Mechanics' Institute, Toronto |
The English are so good at this. It fits the politeness and decorum of the national character; although which came first is hard to say. Englishmen out for a pint together will debate in these terms; and will deliberately insult one another to harden each other up. Nothing beats the Oxford Union; but watching debate in the British House of Commons, after being used to Ottawa question period on C-Span, is itself a revelation.
We are foolish to suppose that this can be easily and automatically ported to any other culture and society at will. It does not work nearly so well even in Canada or the US. Let alone, say, Vietnam or Iraq. Yet the US government, for one, never seems to get this. It was striking wisdom for the Emir and government of Qatar to understand, and begin the long work of introducing their people to democracy by first setting up debating societies everywhere, hosting the Doha Debates, and sponsoring Al Jazeera. That is the way it must be done, and it will take at least a generation.
More troubling is that, through ignorance or design, the skills of parliamentary procedure and formal debate are rarely taught in the public schools, and never as a core subject, even in Canada or the US. They are, of course, taught rigorously in the British or Canadian private schools.
Oxford Union. |
This is the best way imaginable to create and perpetuate a class system. It means that only the upper classes, who can afford to go to these exclusive schools, learn how to organize and run things. There is also good evidence that it was deliberately done, back in the original “Progressive” era of the 1920s and before. “Progressivism” was always, and still is, about creating and protecting a North American ruling elite.
And this suppression of essential knowledge, as well as being discriminatory, is destructive to society as a whole. Because there is no way any longer that we can keep the unfashionable masses out of management; we need more managers, and progressively fewer dumb and obedient robot helots, as technology advances. And the general population also has the right, in our system, to decide essential matters for all of us, through the ballot box. For the sake of all, they (we) had better know how to make good decisions.
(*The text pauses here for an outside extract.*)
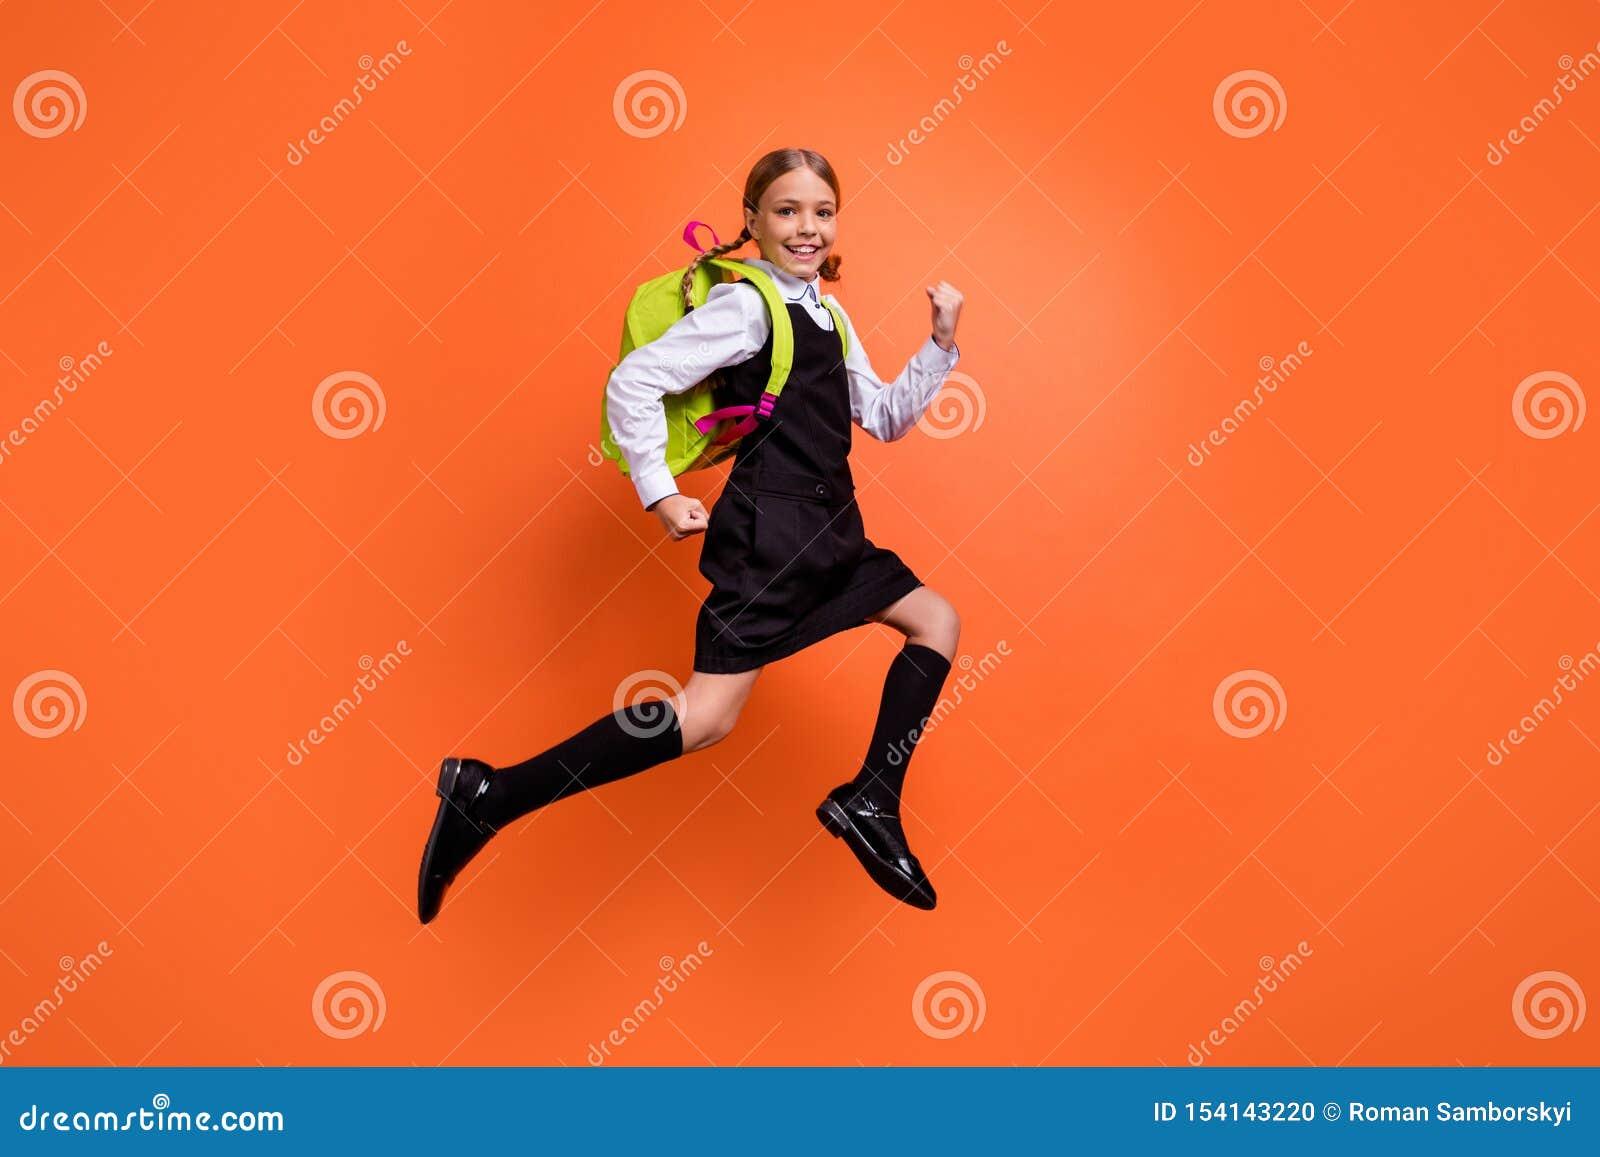 首先快速地跑全长身体尺寸观点的好可爱的可爱的快乐的爽快高兴的努力青春期前的女孩的书呆子

We are seeing the bill come due now, with Antifa goons rioting in the streets and shouting speakers down. And these Antifa goons, note, are generally the nominally better-educated among us. We let the previously unprepared, after all, go to university, opened those gates wide, and flooded the higher levels of the system with folks who have no idea what the various buttons and levers do.
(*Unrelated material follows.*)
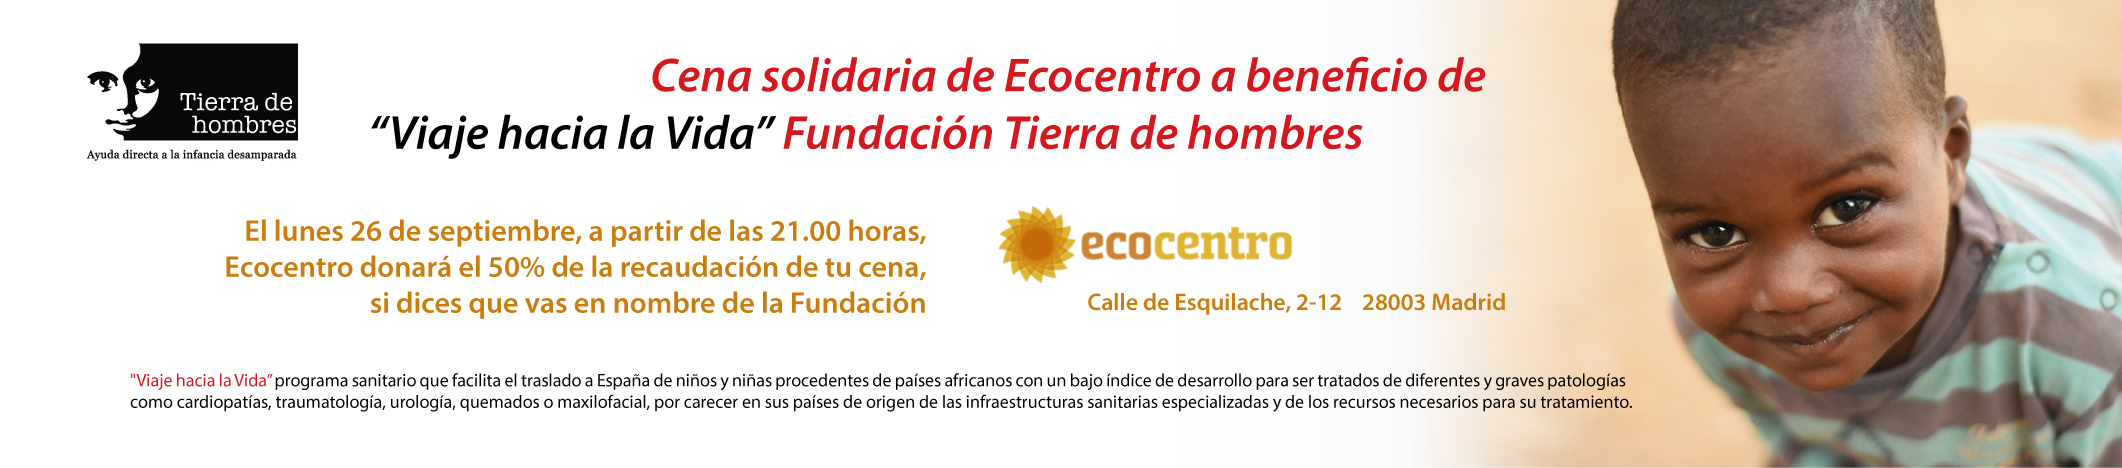 WebCenaEcocentro

Well-intentioned, no doubt, itself an attempt to end the class system, but ill-informed.
All of this is brought to mind by a unit I am being asked to teach at the moment, on how to write an opinion essay. Something I think I know something about. I am doing it now.
Canadian House of Commons. |
Good thought; good idea. But the person who wrote the curriculum, the subject expert himself or herself, obviously has no idea how to do so, let alone how to teach it to someone else. Their instructions are incoherent; they cannot seem, in their own mind, to even distinguish claims from counterclaims, pro from con. They do not grasp the actual structure of an argument.
Their assigned essay topic illustrates the problem: “What can be done about China’s pollution problem?” Following, inevitably, a little lecture about China’s pollution problem and its supposed causes.
In other words, rather than getting to form and express an opinion, the student is being told the “correct” opinion in advance. On a topic on which there is essentially no disagreement. Raise hands, everyone: who here is in favour of pollution?
And no, this is not a Chinese thing. This is an American curriculum.
Isn’t this also what has happened to our current politics, and isn’t this a pressing problem?
Over a century ago, wealthy philanthropists launched “Mechanics’ Institutes” in major cities, where the poorer among us could learn skills needed for the new world of industrialization.
We need something like that now again. We need a movement to teach and study debate and parliamentary procedure; how to run a meeting. We need it on the night-school model of the Mechanics’ Institutes, too, because even if the public schools were to instantly reform and introduce the subject, that still sacrifices all the adults who have already completed school. Worse, these same adults are the teachers we have in the schools today. Until they learn it themselves, as we see from my current curriculum, they cannot competently teach it.
Qatar is way ahead of us on this one.